Getting Started with Dataflow Gen2 in Microsoft Fabric - A Practical Walkthrough

March 30, 20268 min readMichael Ridland

Most data teams I talk to across Australia are still running some version of the same workflow. Data sits in a dozen places, somebody exports a CSV, somebody else loads it into a spreadsheet, and then the finance team asks why the numbers don't match last month's report. Sound familiar?

Dataflow Gen2 in Microsoft Fabric is Microsoft's answer to this problem - self-service data preparation that actually works at scale. We've been rolling it out with clients for a while now, and I wanted to write up an honest walkthrough of what it takes to build your first dataflow, because the official docs cover the what but not always the why.
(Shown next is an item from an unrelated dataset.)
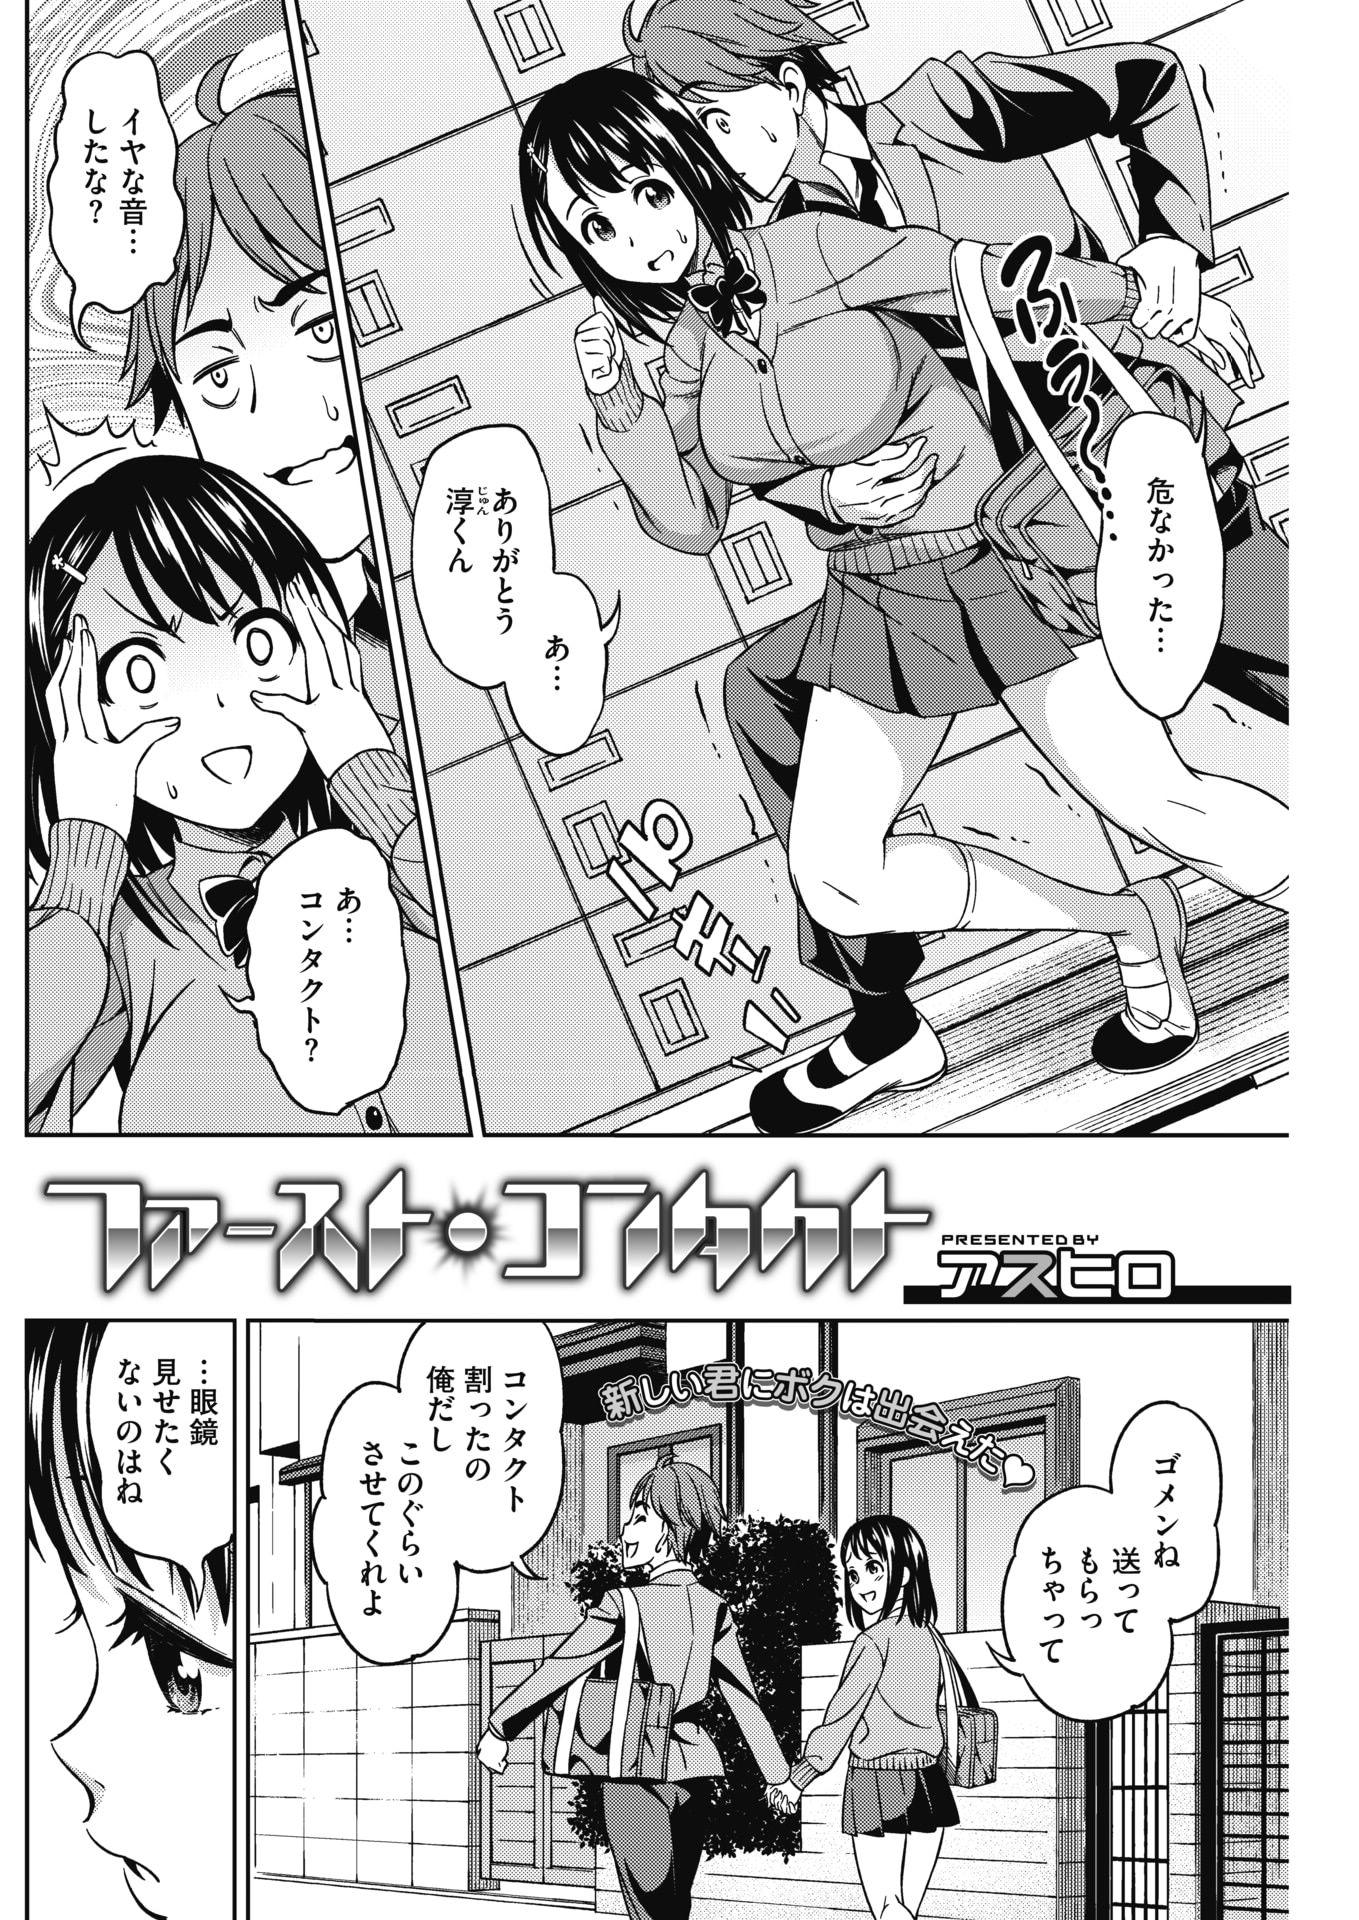 【エロ漫画】彼氏のお願いで眼鏡姿を披露する清楚な巨乳JKが褒められ嬉しくなり大胆にバキュームフェラしていちゃラブエッチ!

What Is Dataflow Gen2, Really?

Think of Dataflow Gen2 as a cloud-based ETL tool that uses the Power Query engine you already know from Excel and Power BI, but running in the cloud with proper scheduling and destination support. If you've ever written an M expression in Power BI Desktop, you already understand about 70% of how Dataflow Gen2 works.

The big difference is that Dataflow Gen2 isn't tied to a single report or semantic model. You build your data transformations once, point the output at a lakehouse or warehouse, and every downstream report, dashboard, or analysis pulls from that single cleaned-up source. No more "which version of the customer table is correct?" arguments.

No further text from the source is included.